Prep Time 15 minutes mins
Cook Time 10 minutes mins
Total Time 25 minutes mins
- 1 (11.5-ounce) package Fresh Express® Sweet Kale Chopped Salad Kit
- 4 ounces rice noodles
- 1 tbsp sesame oil
- 2 cloves garlic, minced
- 1 tsp fresh ginger, grated
- 2 cups shelled edamame (thawed if frozen)
- 1 red bell pepper, thinly sliced
- 1 cup shredded carrots
Sauce:
- 3 tbsp low-sodium soy sauce
- 1 tbsp rice vinegar
- 1 tbsp maple syrup or honey
- 1–2 tsp sriracha (optional, for heat)
- 1 tbsp peanut butter or tahini
- Juice of ½ lime
To finish:
- Poppyseed dressing (from the kit)
- Pumpkin seeds (from the kit)
- Optional: chopped cilantro + green onions + crushed peanuts or cashews
Cook the rice noodles according to package directions, then drain and rinse with cold water so they don’t stick. Set aside.

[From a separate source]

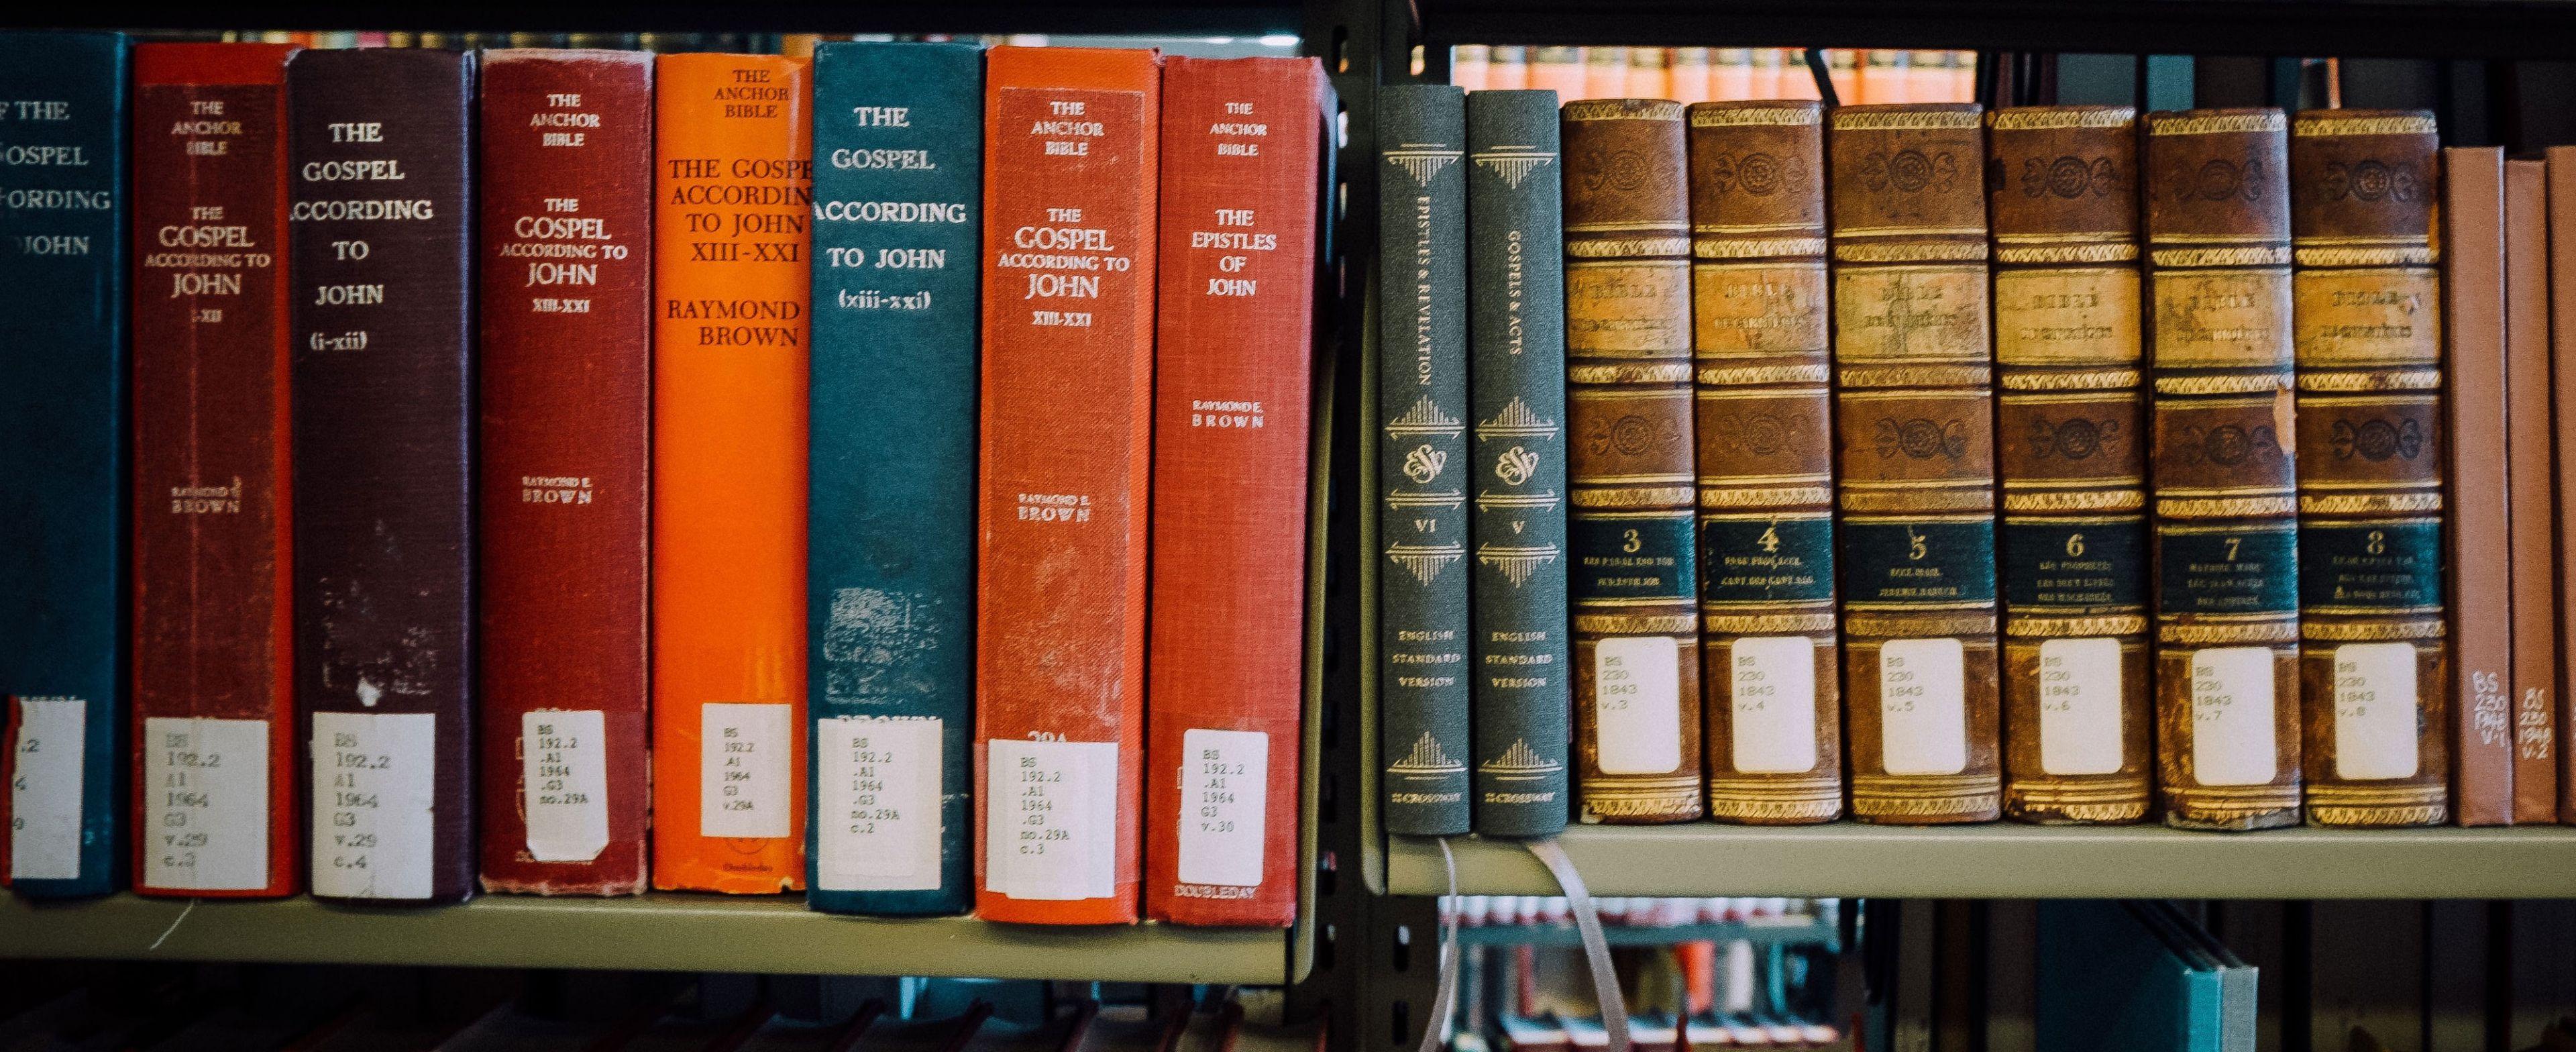 Bachelors Degree In Religious Studies New Testament

In a large pan, heat the sesame oil over medium heat. Add the garlic and ginger and cook for about 30 seconds until fragrant.
Add the edamame, bell pepper, and carrots. Sauté for 3–4 minutes until slightly softened but still have some crunch.
In a small bowl, whisk together the soy sauce, rice vinegar, maple syrup, sriracha, peanut butter, and lime juice until smooth.
Add the cooked noodles and the Fresh Express® Sweet Kale greens into the pan. Pour the sauce over everything and toss well until the greens slightly wilt and everything is coated.
Remove from heat and drizzle with a little of the poppyseed dressing for that sweet + tangy contrast.
Top with pumpkin seeds, and any extras like cilantro, green onions, or crushed nuts.